# *** WARNING *** Check Yo Tiller !!!



## DuckNut (Apr 3, 2009)

Plastic?


----------



## Tommysmicroskiff (Jan 19, 2012)

DuckNut said:


> Plastic?


Aluminum


----------



## sjrobin (Jul 13, 2015)

noeettica said:


> Feeling all warm and fuzzy about that 3 foot tiller extension that's
> "Built Like a Tank" Think Again !
> 
> This is a Tohatsu but I had a 4 stroke yamaha Snap off while Under Power
> ...


That is the original equipment component tiller failure not the Carbon Marine or whatever extension. I had a 25 Mercury tiller handle snap off under way that did not work out too well for me but the aluminum alloy extension was ok. The Mercury tiller could not handle the extra torque of the alloy extension.


----------



## noeettica (Sep 23, 2007)

That is what I am saying the extensions are great but the OEM part is often a soft 5/16" Aluminum 
rod

I Don't think the manufactures counted on us installing extensions 



sjrobin said:


> That is the original equipment component tiller failure not the Carbon Marine or whatever extension. I had a 25 Mercury tiller handle snap off under way that did not work out too well for me but the aluminum alloy extension was ok. The Mercury tiller could not handle the extra torque of the alloy extension.


----------



## jmrodandgun (Sep 20, 2013)

noeettica said:


> That is what I am saying the extensions are great but the OEM part is often a soft 5/16" Aluminum
> rod
> 
> I Don't think the manufactures counted on us installing extensions


Is it the weight of the extension constantly beating down on the tiller that causes failure? If you were using the extension as added leverage under non normal operating conditions I could see it causing failure but the only way for that to happen is to crank down the tension or push the tiller against the stops. 

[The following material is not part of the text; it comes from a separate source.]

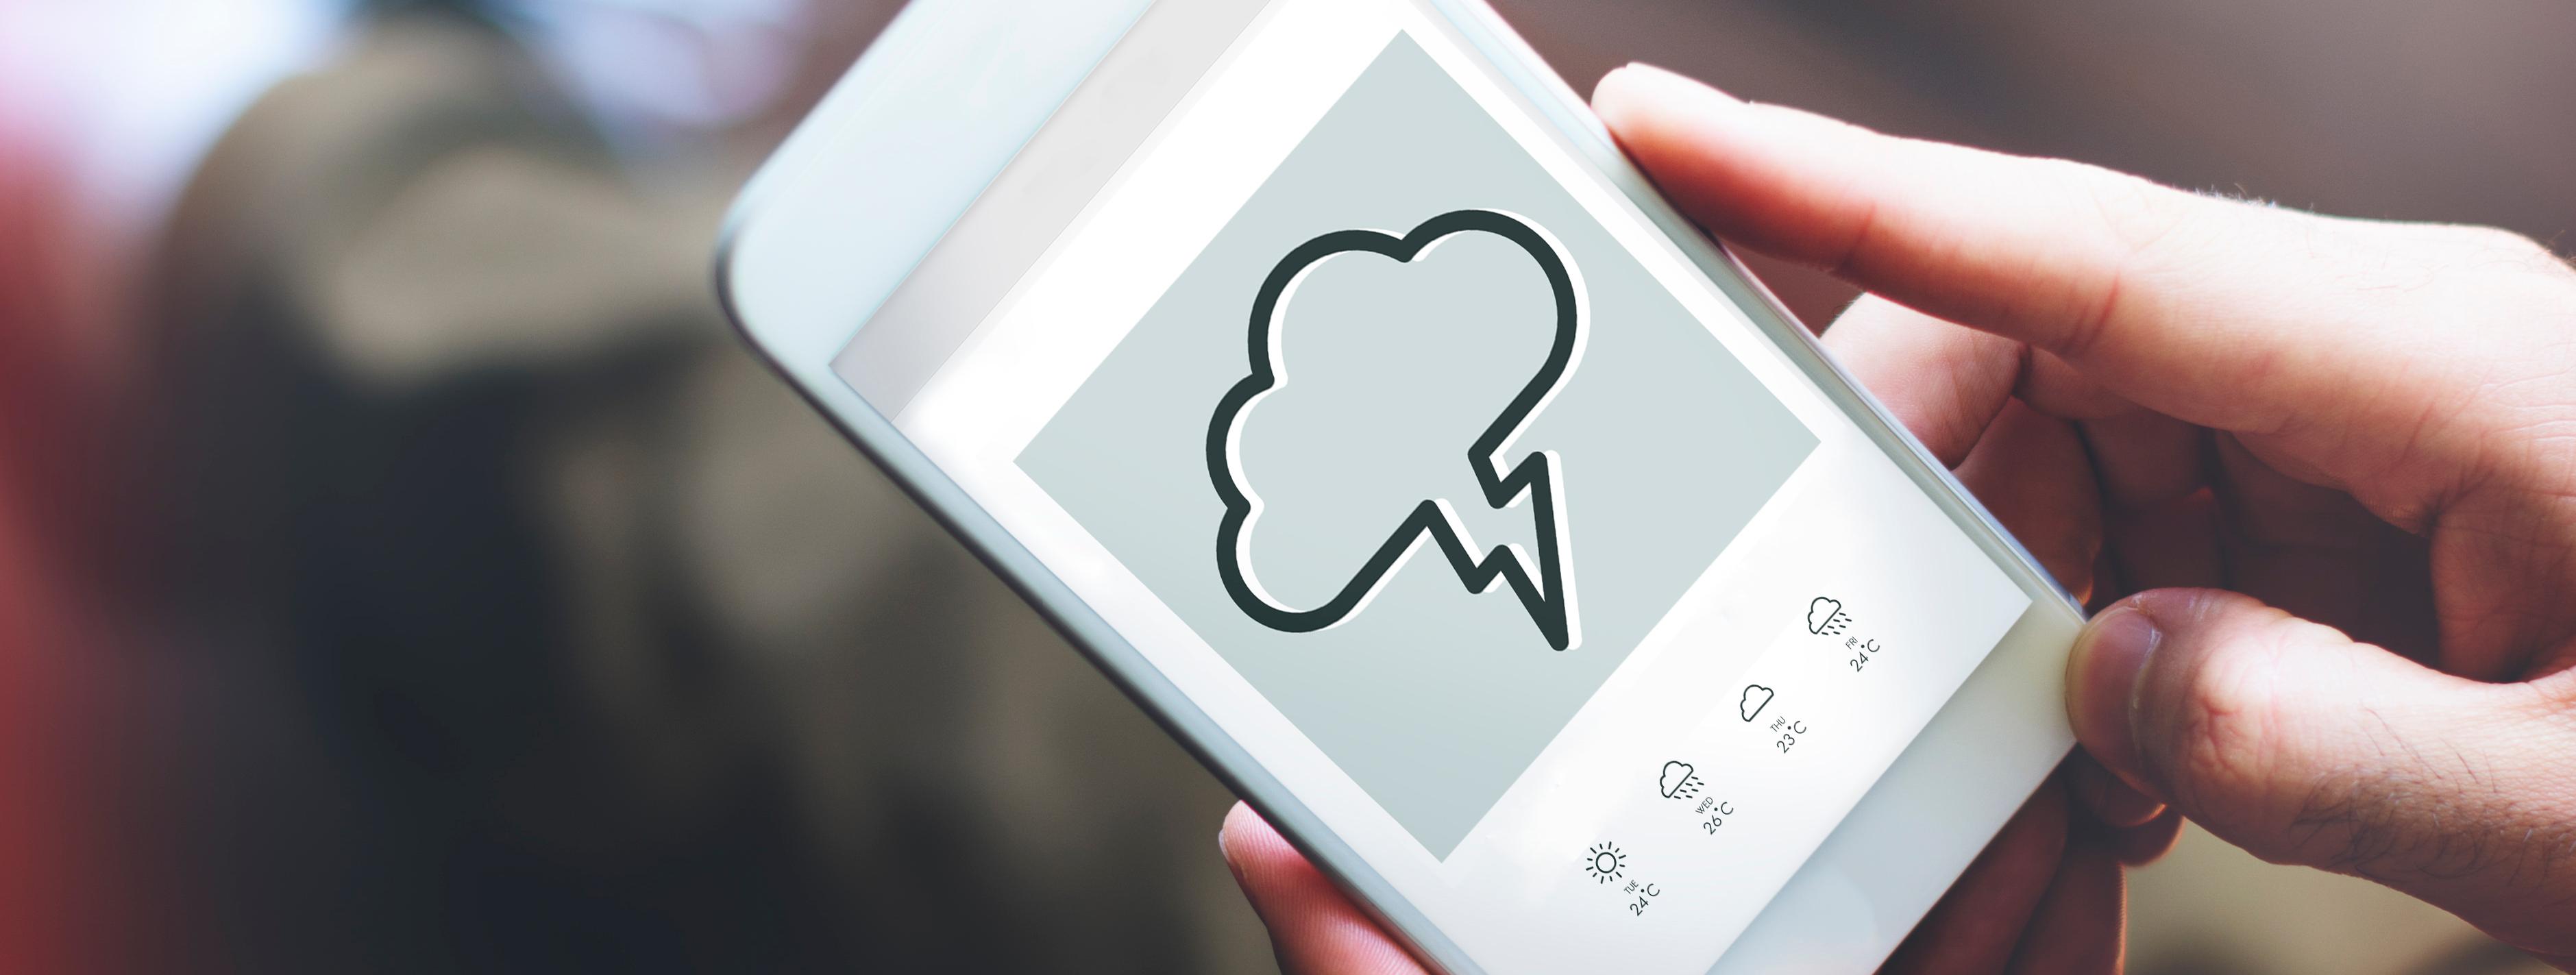 Una empresa plantea un sistema de predicciones meteorológicas basándose en datos de dispositivos móviles y sin utilizar satélites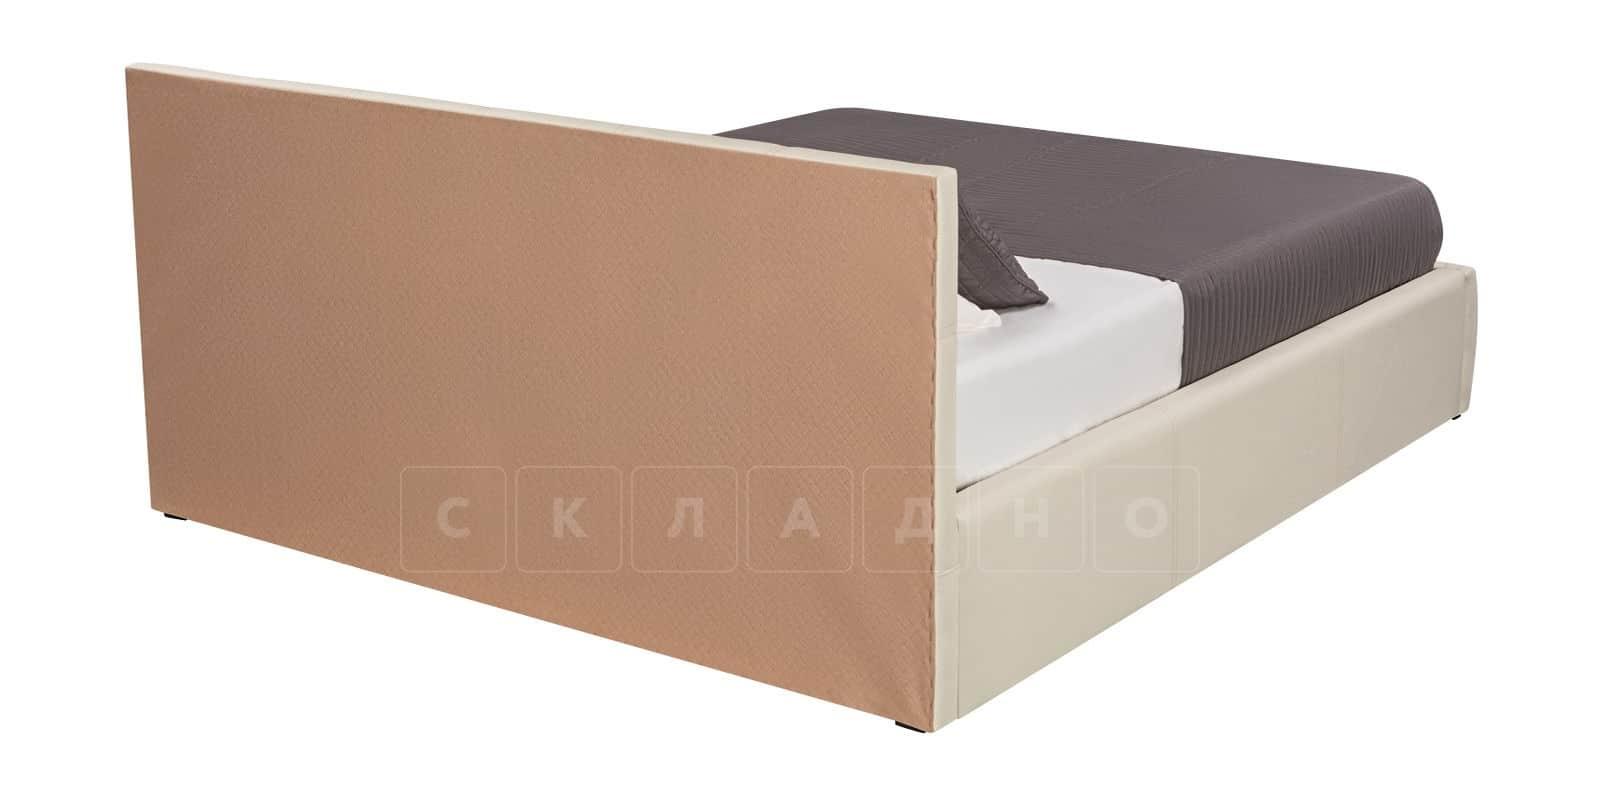 Мягкая кровать Афина 180см молочного цвета экокожа фото 4 | интернет-магазин Складно

Under normal operation wouldn't steering with an extension place the same amount of force on the tiller as steering without?


----------



## sjrobin (Jul 13, 2015)

noeettica said:


> That is what I am saying the extensions are great but the OEM part is often a soft 5/16" Aluminum
> rod
> 
> I Don't think the manufactures counted on us installing extensions


Ok thanks for clarifying.


----------



## DuckNut (Apr 3, 2009)

Tommysmicroskiff said:


> Aluminum


Thanks Tommy...under closer look it appears to be cast as well.


----------